--- START ---
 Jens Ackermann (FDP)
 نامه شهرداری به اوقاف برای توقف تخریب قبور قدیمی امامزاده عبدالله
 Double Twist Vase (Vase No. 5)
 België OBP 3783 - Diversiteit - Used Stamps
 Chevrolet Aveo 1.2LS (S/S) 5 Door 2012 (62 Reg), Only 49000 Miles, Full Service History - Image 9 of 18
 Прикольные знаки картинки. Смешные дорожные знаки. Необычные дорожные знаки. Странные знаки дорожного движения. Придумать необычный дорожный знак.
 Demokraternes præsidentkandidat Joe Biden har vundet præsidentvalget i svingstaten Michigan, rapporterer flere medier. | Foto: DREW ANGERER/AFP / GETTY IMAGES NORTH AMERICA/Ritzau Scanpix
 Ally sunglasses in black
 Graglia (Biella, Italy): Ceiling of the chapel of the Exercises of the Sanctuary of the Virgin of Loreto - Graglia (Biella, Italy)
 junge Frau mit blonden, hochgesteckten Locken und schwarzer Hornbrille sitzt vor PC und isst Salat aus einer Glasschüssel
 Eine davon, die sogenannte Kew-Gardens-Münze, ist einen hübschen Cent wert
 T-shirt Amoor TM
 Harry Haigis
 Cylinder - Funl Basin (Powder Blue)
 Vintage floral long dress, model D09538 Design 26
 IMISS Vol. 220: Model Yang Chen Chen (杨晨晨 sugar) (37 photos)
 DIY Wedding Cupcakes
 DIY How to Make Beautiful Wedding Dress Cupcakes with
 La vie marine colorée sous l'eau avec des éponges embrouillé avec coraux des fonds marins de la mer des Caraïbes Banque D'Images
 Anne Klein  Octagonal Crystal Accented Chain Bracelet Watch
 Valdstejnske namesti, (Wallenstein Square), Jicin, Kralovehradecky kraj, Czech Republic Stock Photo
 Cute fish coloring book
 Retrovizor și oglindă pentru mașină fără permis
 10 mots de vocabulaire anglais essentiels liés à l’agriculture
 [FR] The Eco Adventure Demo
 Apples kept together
--- END ---
Task objective: Retype all the material exactly as shown.

Response box:
 Jens Ackermann (FDP)
 نامه شهرداری به اوقاف برای توقف تخریب قبور قدیمی امامزاده عبدالله
 Double Twist Vase (Vase No. 5)
 België OBP 3783 - Diversiteit - Used Stamps
 Chevrolet Aveo 1.2LS (S/S) 5 Door 2012 (62 Reg), Only 49000 Miles, Full Service History - Image 9 of 18
 Прикольные знаки картинки. Смешные дорожные знаки. Необычные дорожные знаки. Странные знаки дорожного движения. Придумать необычный дорожный знак.
 Demokraternes præsidentkandidat Joe Biden har vundet præsidentvalget i svingstaten Michigan, rapporterer flere medier. | Foto: DREW ANGERER/AFP / GETTY IMAGES NORTH AMERICA/Ritzau Scanpix
 Ally sunglasses in black
 Graglia (Biella, Italy): Ceiling of the chapel of the Exercises of the Sanctuary of the Virgin of Loreto - Graglia (Biella, Italy)
 junge Frau mit blonden, hochgesteckten Locken und schwarzer Hornbrille sitzt vor PC und isst Salat aus einer Glasschüssel
 Eine davon, die sogenannte Kew-Gardens-Münze, ist einen hübschen Cent wert
 T-shirt Amoor TM
 Harry Haigis
 Cylinder - Funl Basin (Powder Blue)
 Vintage floral long dress, model D09538 Design 26
 IMISS Vol. 220: Model Yang Chen Chen (杨晨晨 sugar) (37 photos)
 DIY Wedding Cupcakes
 DIY How to Make Beautiful Wedding Dress Cupcakes with
 La vie marine colorée sous l'eau avec des éponges embrouillé avec coraux des fonds marins de la mer des Caraïbes Banque D'Images
 Anne Klein  Octagonal Crystal Accented Chain Bracelet Watch
 Valdstejnske namesti, (Wallenstein Square), Jicin, Kralovehradecky kraj, Czech Republic Stock Photo
 Cute fish coloring book
 Retrovizor și oglindă pentru mașină fără permis
 10 mots de vocabulaire anglais essentiels liés à l’agriculture
 [FR] The Eco Adventure Demo
 Apples kept together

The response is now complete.